First of all: excellent MWE!

How long do I have to wait? OK, just finished. One more test…

Confirmed. Fails for me, too, on Julia 1.6.3 with

``````ERROR: LoadError: Need an adjoint for constructor StepRangeLen{Float64, Base.TwicePrecision{Float64}, Base.TwicePrecision{Float64}}. Gradient is of type Vector{Nothing}
Stacktrace:
[1] error(s::String)
@ Base .\error.jl:33
[2] (::Zygote.Jnew{StepRangeLen{Float64, Base.TwicePrecision{Float64}, Base.TwicePrecision{Float64}}, Nothing, false})(Δ::Vector{Nothing})
``````

Time to file an issue against `Zygote`?

P.S.: only random observation: `Tsit5()`
P.P.S.: the only thing I’d check before is if the gradient is valid.

Thanks very much for the quick reply.
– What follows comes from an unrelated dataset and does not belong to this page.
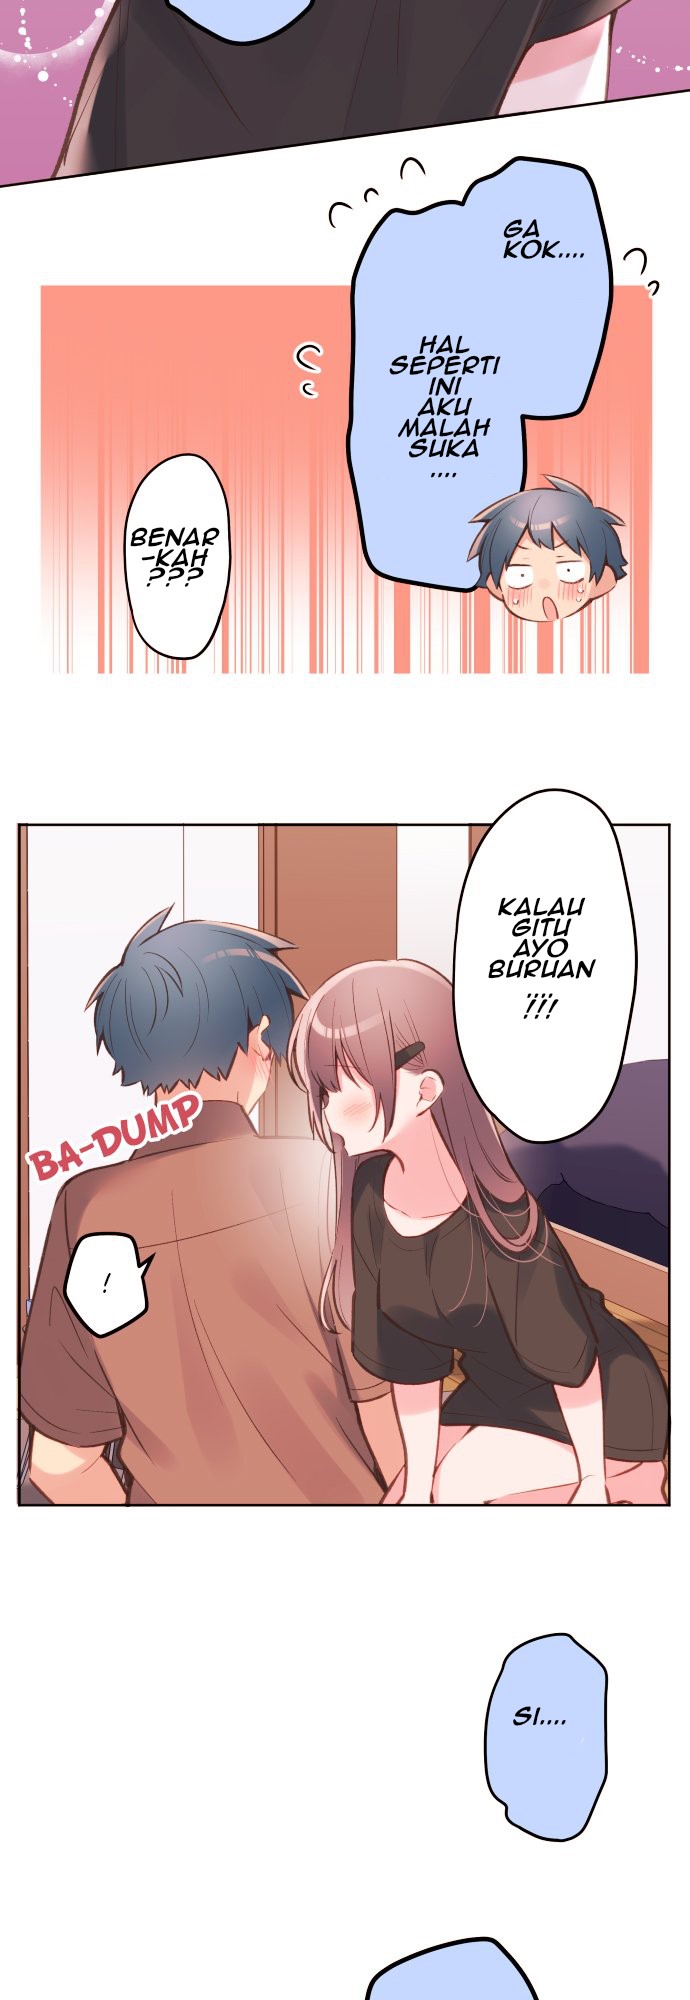 Waka-chan Is Flirty Again Chapter 37 8

It fails similarly for a different solver and a different optimizer.

Random idea, try `Array(soln)[:,end]'` and see if the error goes away. Seems like an odd omission of an adjoint. @dhairyagandhi96

Thanks for considering this. Made this change:

``````(i == 1) ? result = Array(soln)[:,end]' : result = vcat(result, Array(soln)[:,end]')
``````

and got the same error result.

Simplify and delete some things until it goes away. That’ll isolate what it is.

Commenting this line:

``````#output = map(x -> convert(Float64,x >= 0.5 && x <= 1.5), inputvec)
``````

allowed code to run for larger S values. I can experiment with alternative ways to achieve the same output matrix. Is using map in that way expected to cause failure of AD?

Note: The line above should be output = ones(B) instead of output = zeros(B,S) if commenting as here.

Looks like a bug in the map adjoint.